Dementia threat is wider than feared
Research links contact sport and brain diseases ‘CTE not the only brain damage’ players suffer
The link between contact sports and dementia extends beyond chronic traumatic encephalopathy to a much wider range of neurological diseases, according to new studies of the brains of former football and rugby players.
Although there has been an enormous focus on CTE following the neurological problems facing American footballers, the evolving weight of research, including the groundbreaking work at the University of Glasgow, is finding a mixture of brain diseases among those with a long history of head trauma.
A review of international scientific evidence has also reinforced a study in Italy which showed that footballers were more than six times more likely to suffer from motor neurone disease. Don Revie, Jimmy Johnstone, Fernando Ricksen, Len Johnrose and Stephen Darby are among the higher profile former footballers to have been diagnosed with motor neurone disease. Patrick Grange, the former Major League Soccer player whose brain was examined at Boston University, was found to have motor neurone disease as well as CTE.
CTE is the type of dementia that is most commonly linked to head trauma and was still found in around three-quarters of the 11 former footballers and rugby players with dementia in the Glasgow study. Most striking, however, was the prevalence of other dementias and neurological diseases within individual brains, including Alzheimer’s, Parkinson’s disease, chronic cerebrovascular disease and dementia with Lewy bodies.
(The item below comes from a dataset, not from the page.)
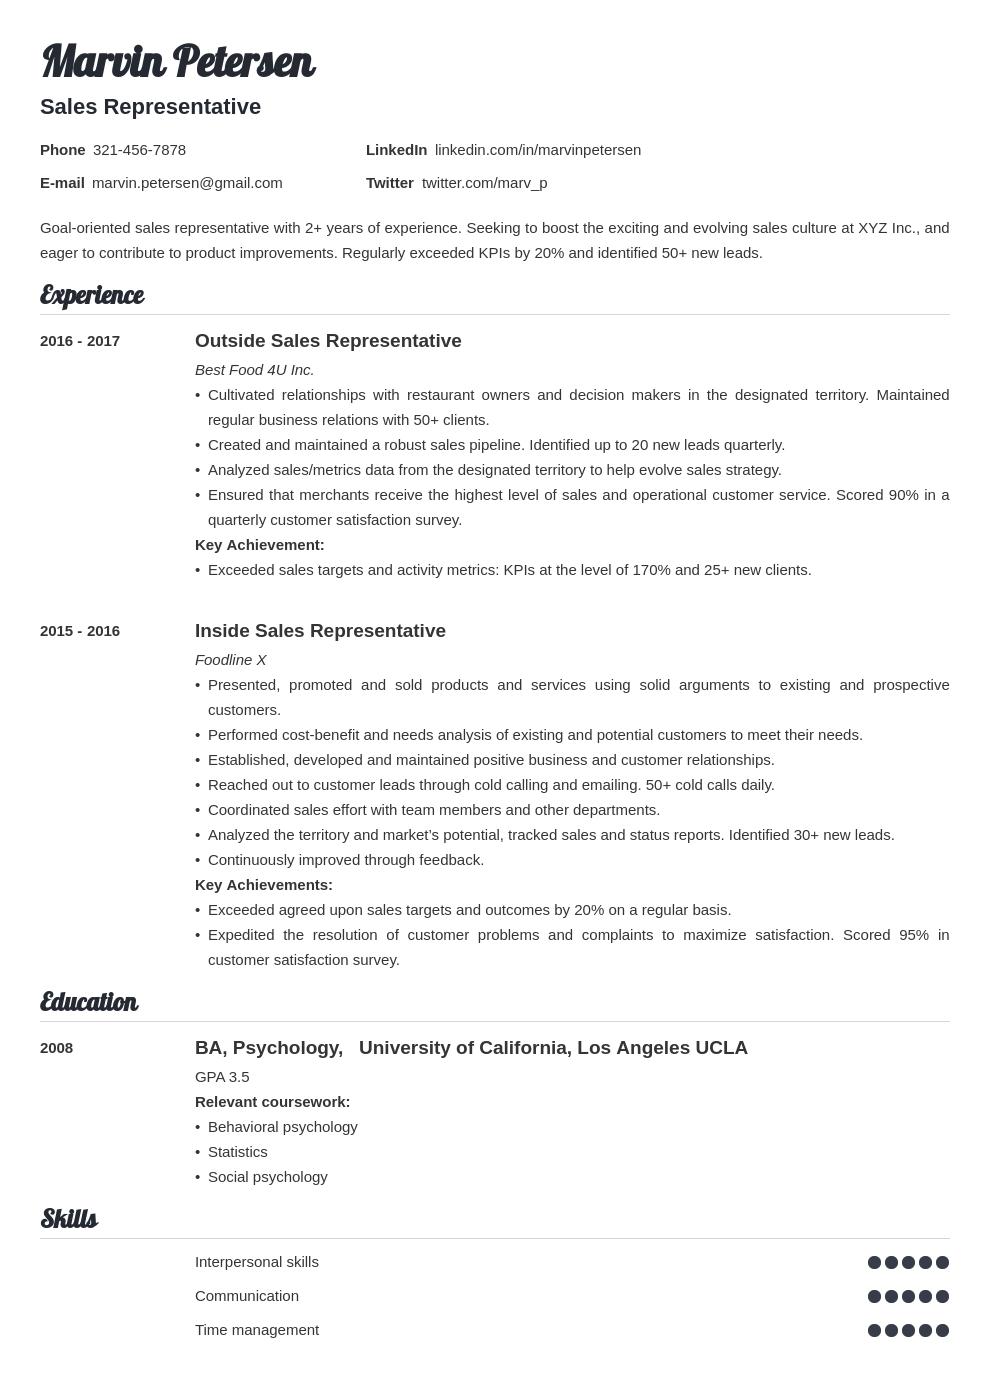 sales representative template valera

All of those studied had played football or rugby over periods ranging from 11 to 32 years, and were not regularly exposed to other contact sports. The vast majority first showed dementia symptoms in their fifties or sixties and died before the age of 80. “The focus has been too narrow on CTE, which we show might be a ‘passenger’ pathology, and not the primary driver of dementia,” said Dr Willie Stewart, the lead investigator at Glasgow.
“What is striking is the degree of mixed pathologies. This is something we are aware of in wider dementias, but typically in ‘very old’ patients. These former players are not ‘very old’, and so it does raise a question why they have such complex pathology.” Dr Bennet Omalu, the doctor credited with identifying some of the first CTE cases in American football, is aware of the Glasgow research.
He said: “We need to move away from the monolithic way of thinking. CTE is not the only type of brain damage you suffer. Brain trauma increases your risk of suffering a variety of brain diseases.”